Joyent founder Jason Hoffman steps down

Jason Hoffman, who co-founded Joyent 10 years ago, is stepping down from his post as CTO. In a blog post Monday night, Hoffman noted that his departure “is undoubtedly bittersweet” but that he will advise the company, which he said is well positioned for the future.

Joyent, which “started as a small solution to a personal problem has grown into a tremendous company and a significant player in the cloud computing business,” he wrote. In fact, Hoffman was driven to work on scalable systems when his mother was diagnosed with breast cancer and he wanted to work on a cure.
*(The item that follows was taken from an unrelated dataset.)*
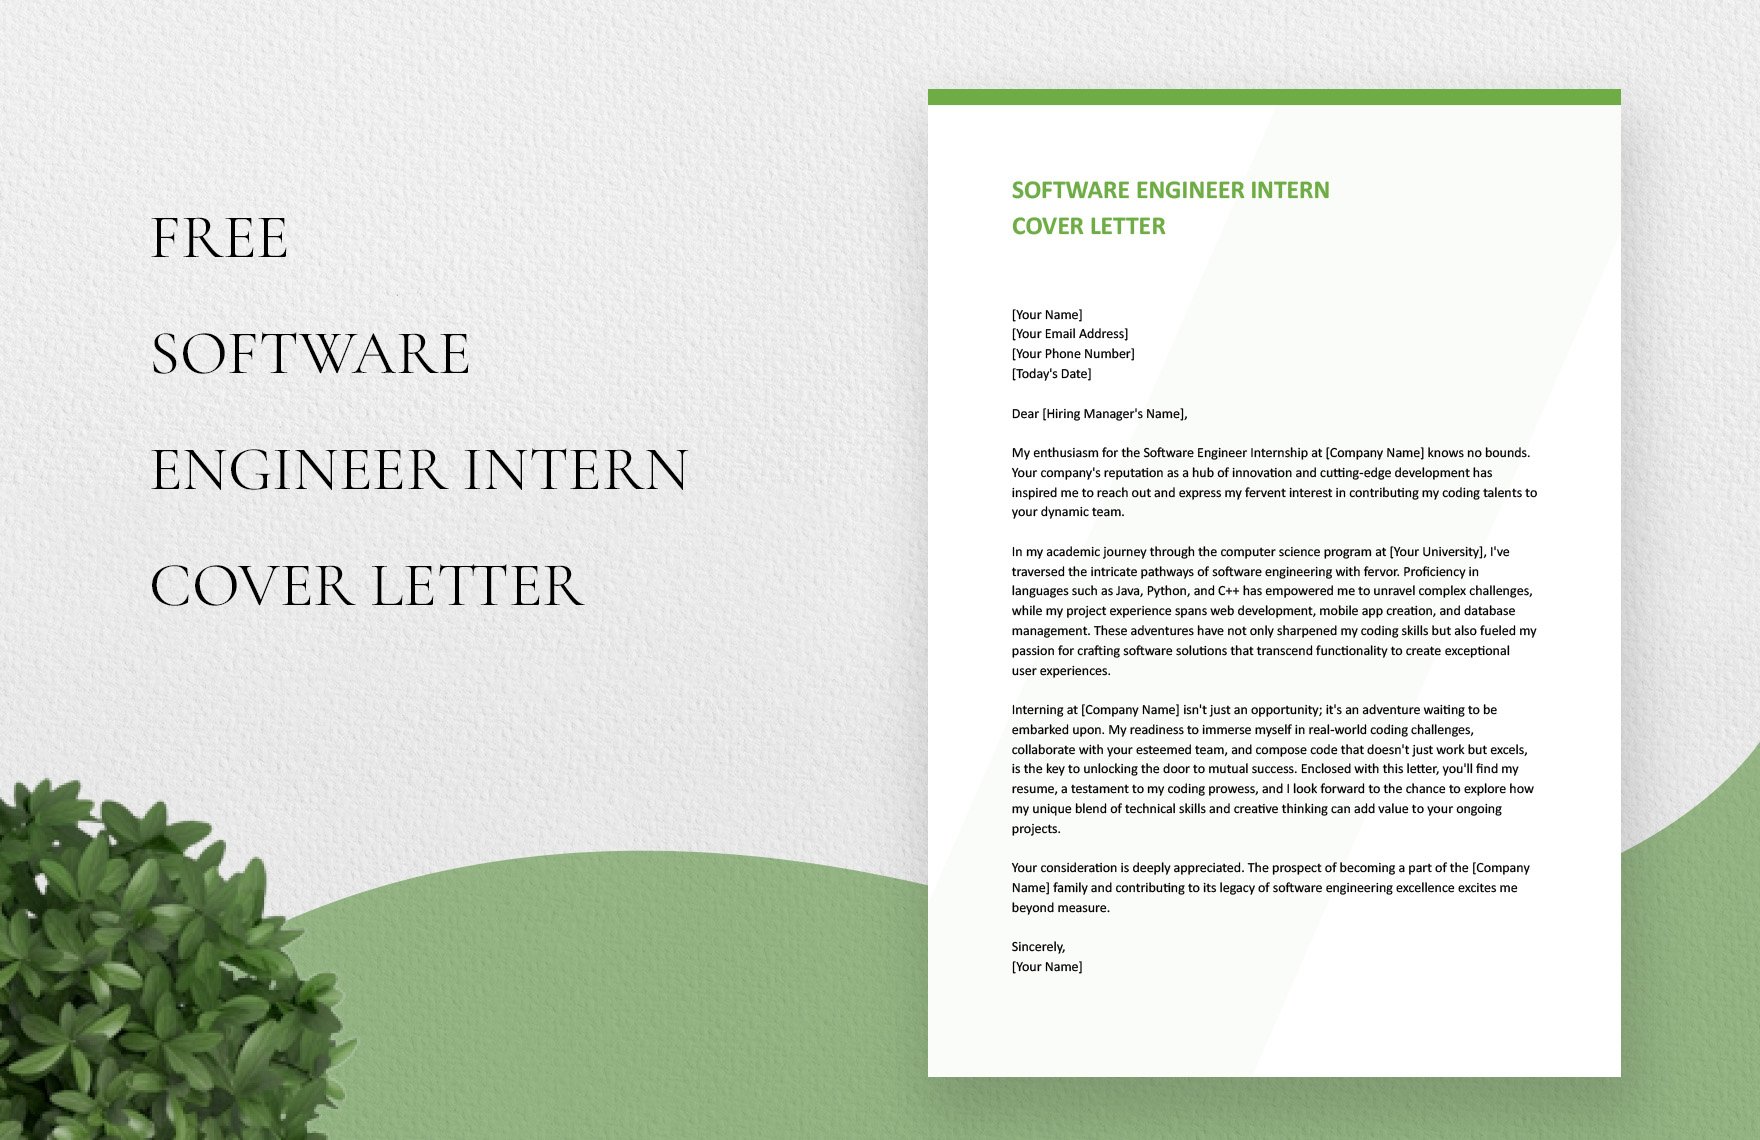 Software Engineer Intern Cover Letter in Word, Google Docs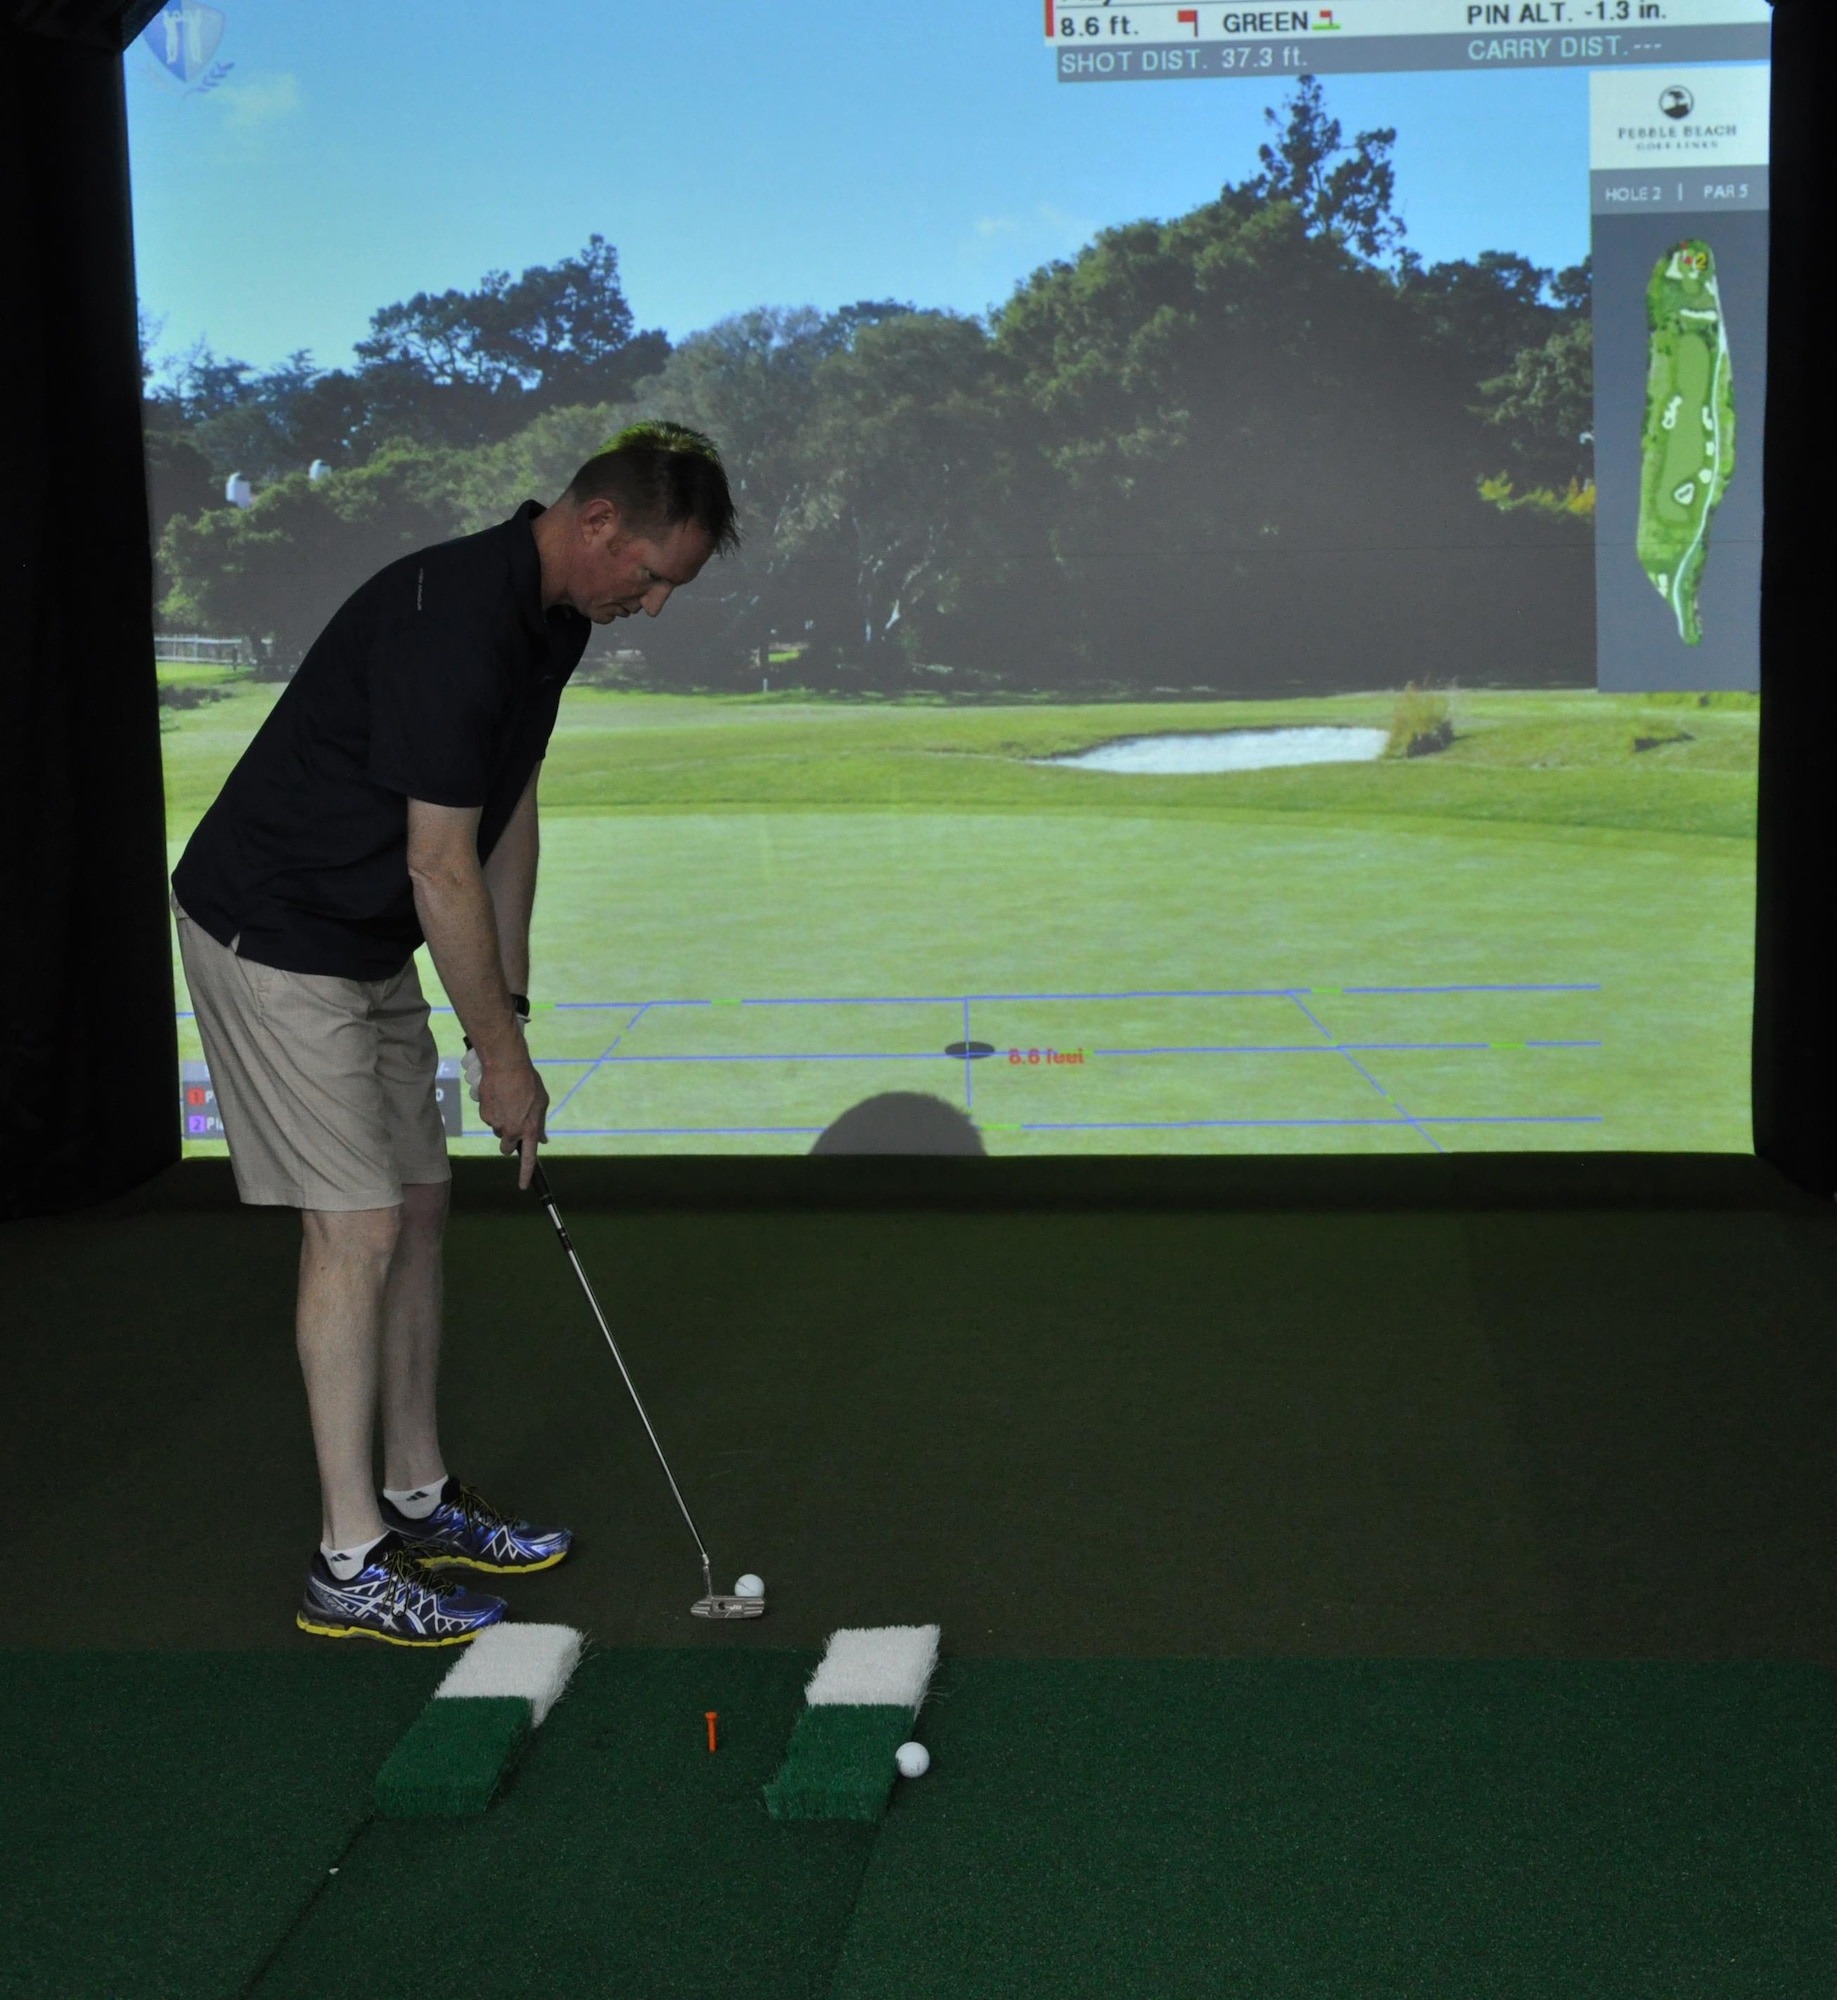 Feje Modernisering rustfri Golf simulator opens at AUAB > U.S. Air Forces Central > Article Display

As Stacey Higginbotham wrote last year:

He quit his day job as a cancer pathologist, moved from San Diego to San Francisco, and spent the next 18 months working with his mom’s treatment team to develop a custom-drug program.

Her treatment was “unorthodox” because it combined research on specific cancers with genetic analysis on his mom. That genetic analysis required a lot of computing power optimized for visualizing data — power that Hoffman supplied with his hosting company, Joyent.

Earlier this year, Hoffman helped spearhead Joyent’s Manta, a high-performance object storage system for specialized big data applications.

In the blog post, he wrote: ”I believe that Joyent’s Manta compute on storage innovation will disrupt the storage and big data analytics markets, even as it is just starting to get major traction.”

Hoffman has been a welcome fixture at our Structure events — and was always ready to provide an informed — often pointed — opinion on the topic of the day whether it was the cult-like ethos of another cloud provider or the sanctimony of Americans crying foul over Chinese censorship.